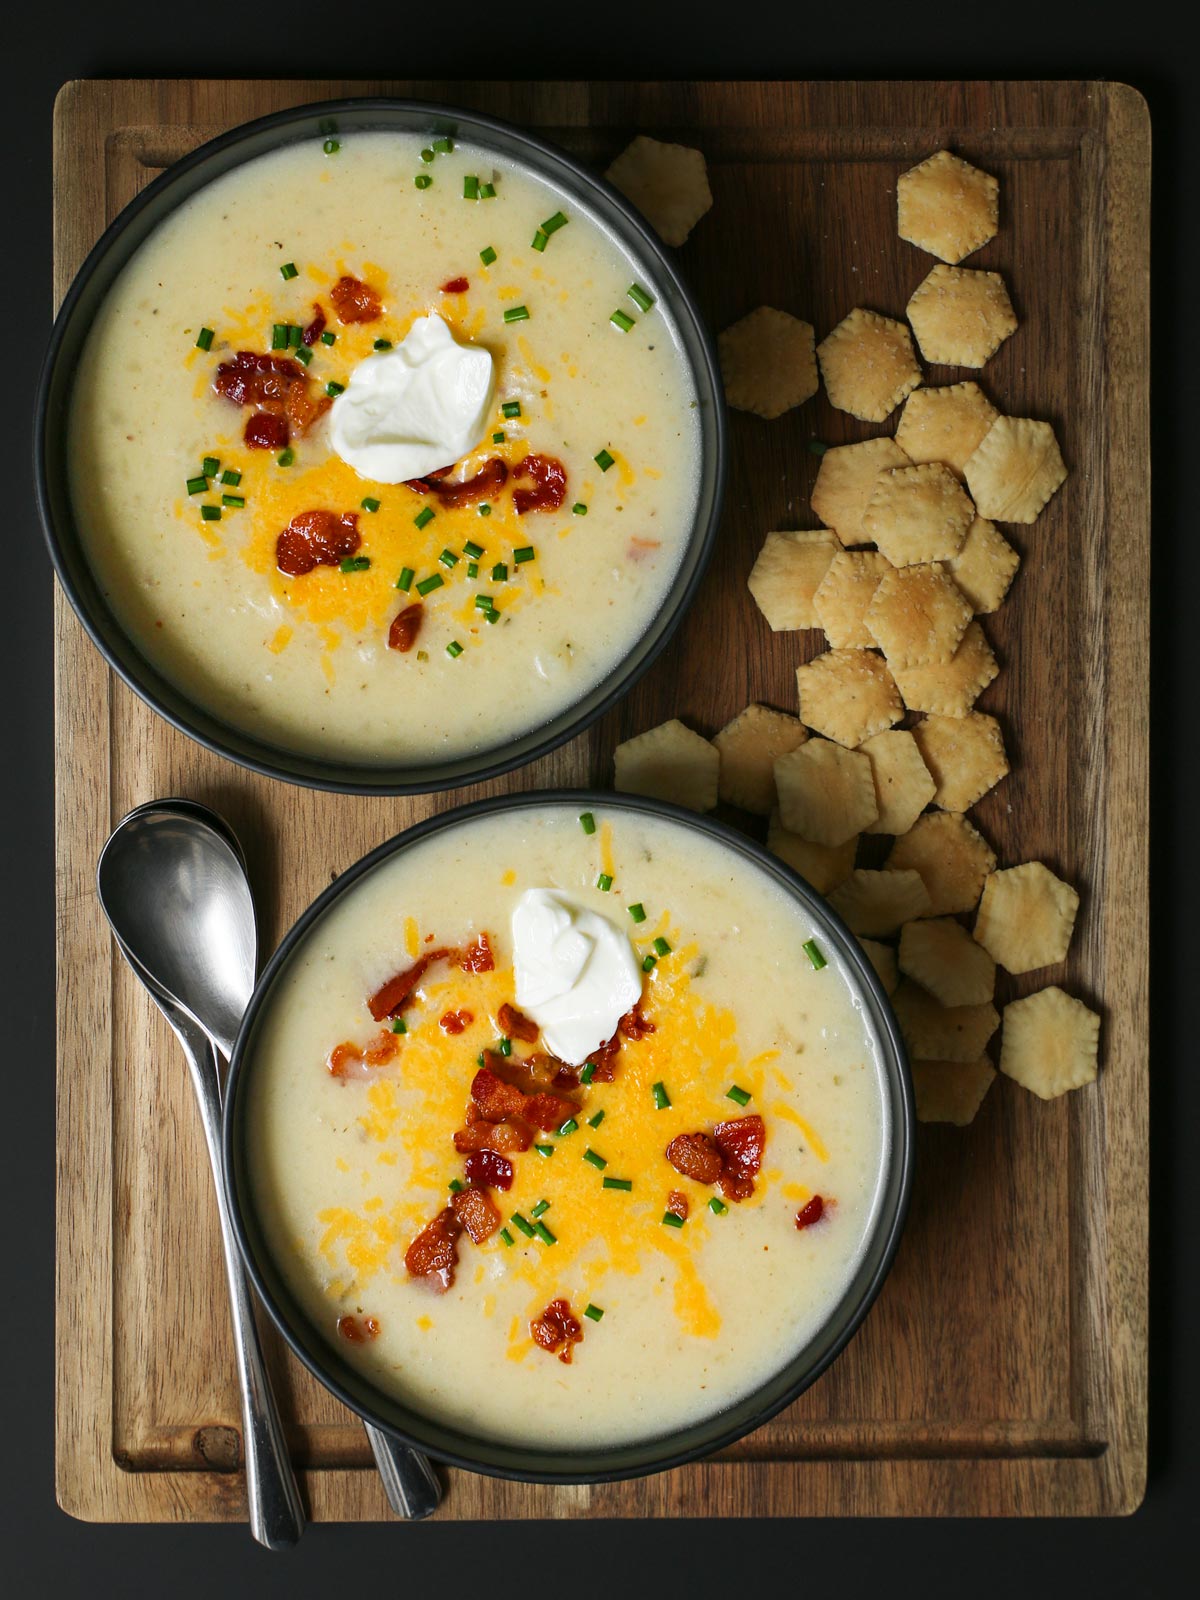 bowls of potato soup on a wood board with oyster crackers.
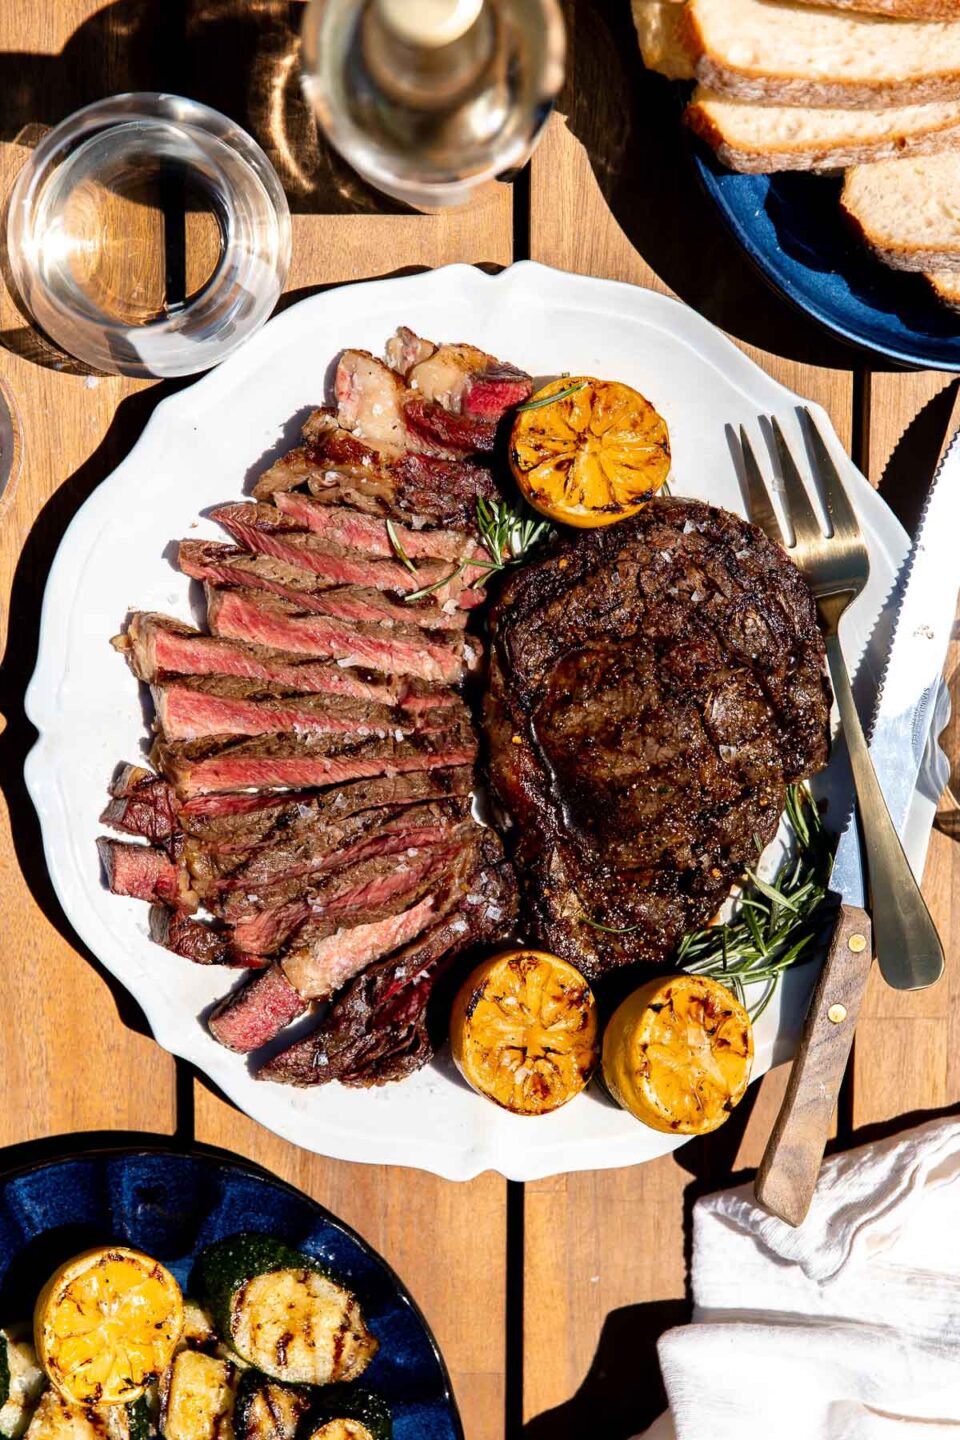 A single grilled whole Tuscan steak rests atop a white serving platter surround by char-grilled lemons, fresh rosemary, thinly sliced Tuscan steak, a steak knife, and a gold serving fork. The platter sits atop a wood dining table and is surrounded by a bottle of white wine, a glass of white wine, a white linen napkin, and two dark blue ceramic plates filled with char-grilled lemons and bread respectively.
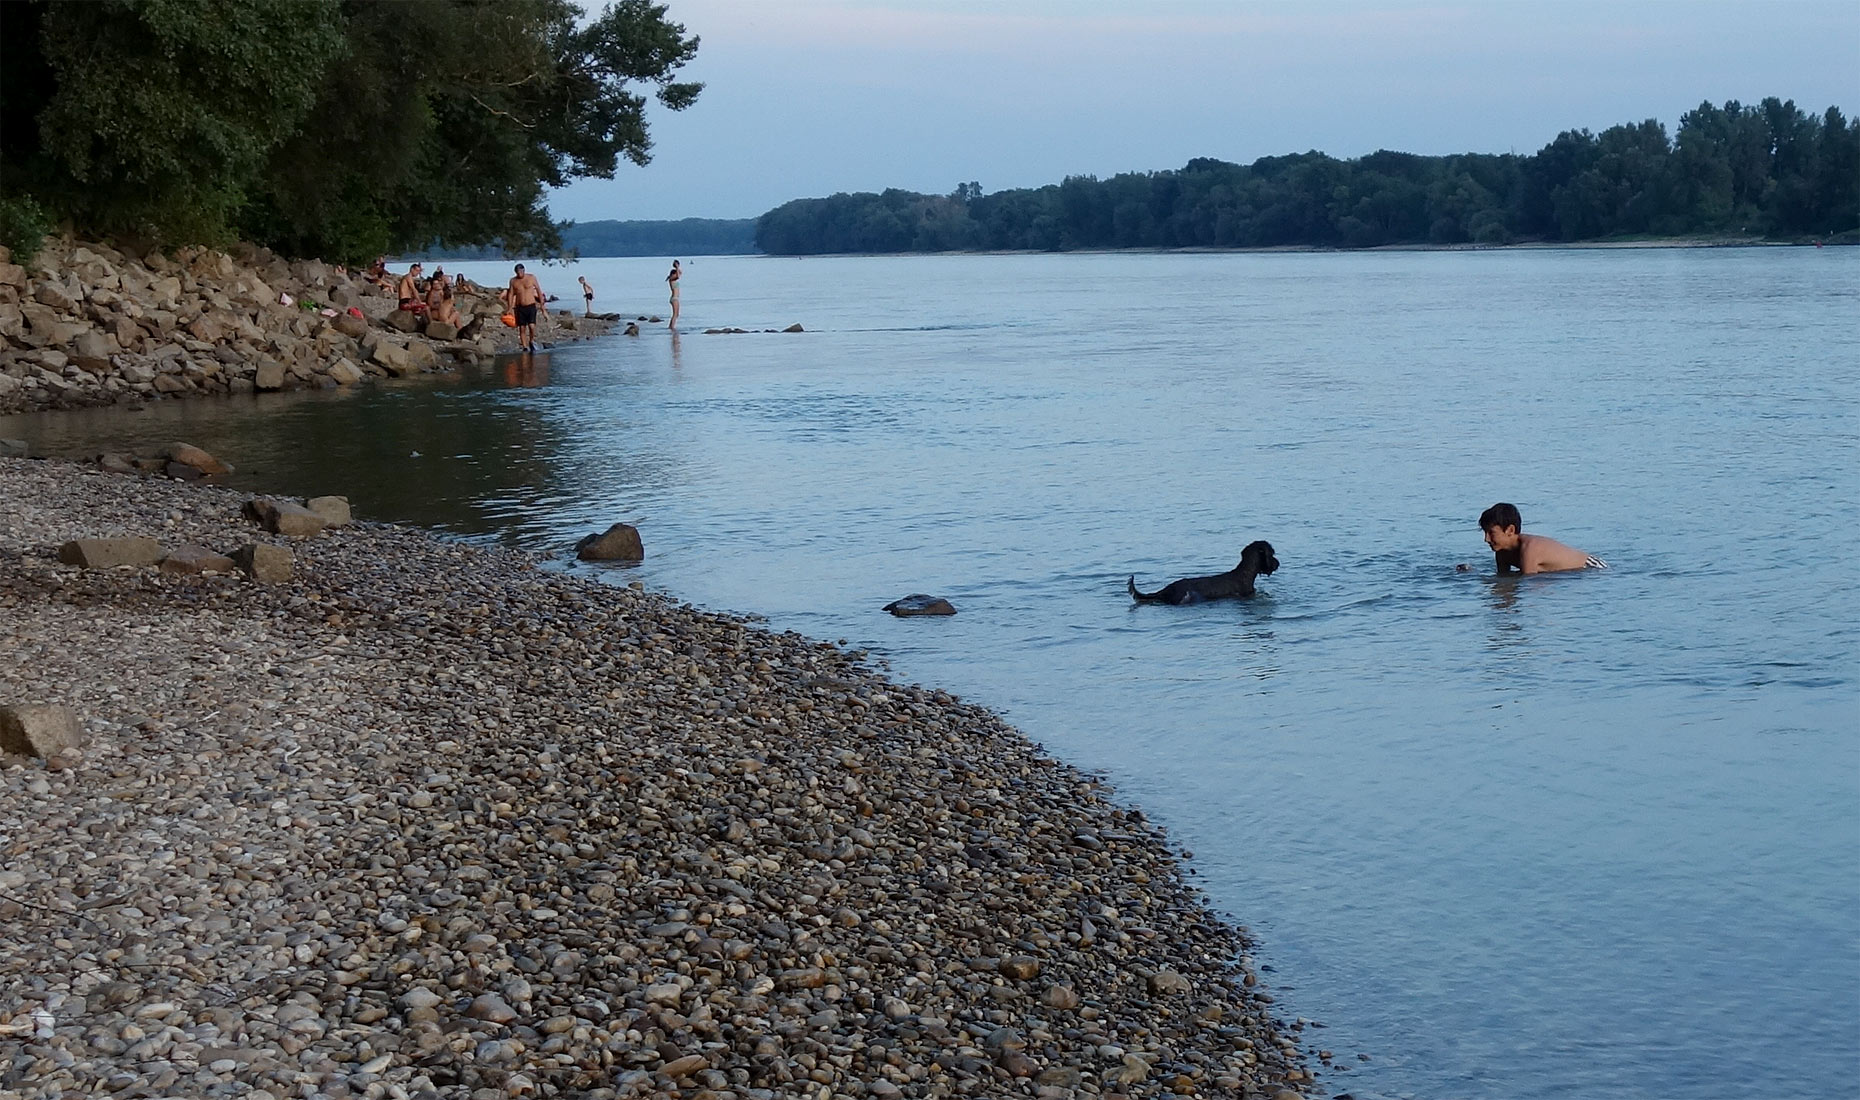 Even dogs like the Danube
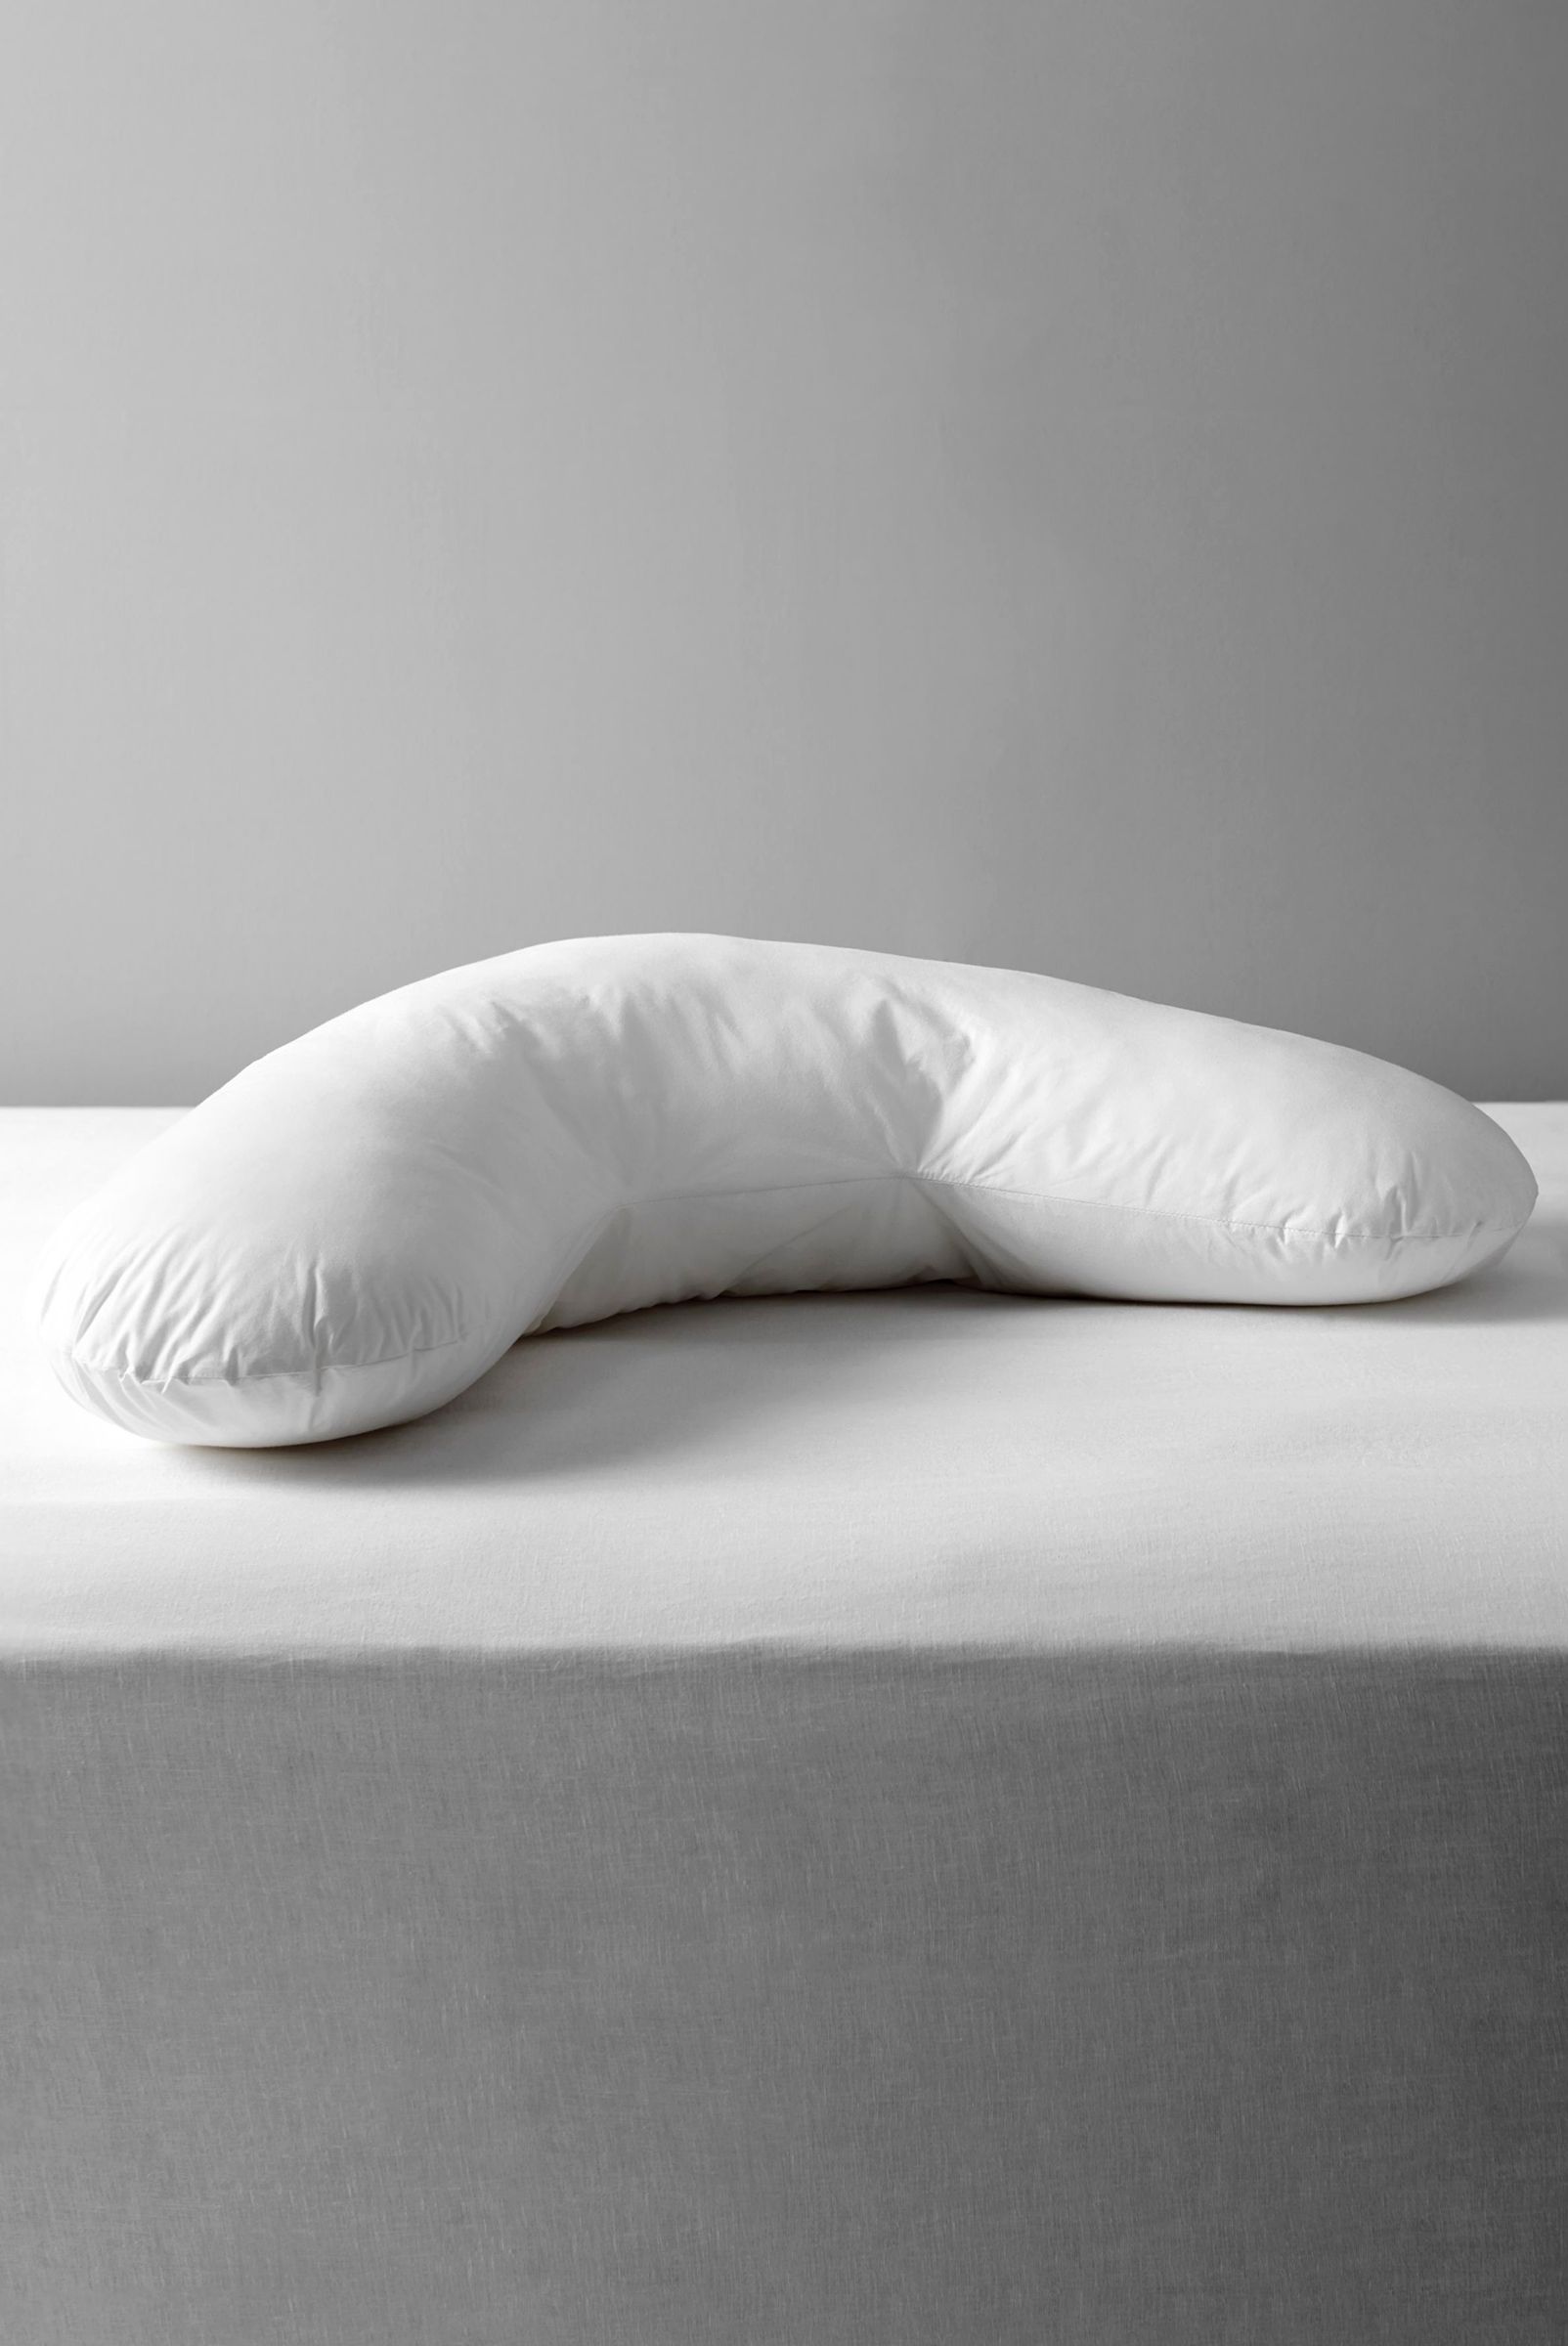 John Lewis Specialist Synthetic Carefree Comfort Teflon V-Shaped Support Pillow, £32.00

_Assignment:_ Your response must consist of the material above, reproduced word for word, with the images omitted.

_Answer to the problem:_
 bowls of potato soup on a wood board with oyster crackers.
 A single grilled whole Tuscan steak rests atop a white serving platter surround by char-grilled lemons, fresh rosemary, thinly sliced Tuscan steak, a steak knife, and a gold serving fork. The platter sits atop a wood dining table and is surrounded by a bottle of white wine, a glass of white wine, a white linen napkin, and two dark blue ceramic plates filled with char-grilled lemons and bread respectively.
 Even dogs like the Danube
 John Lewis Specialist Synthetic Carefree Comfort Teflon V-Shaped Support Pillow, £32.00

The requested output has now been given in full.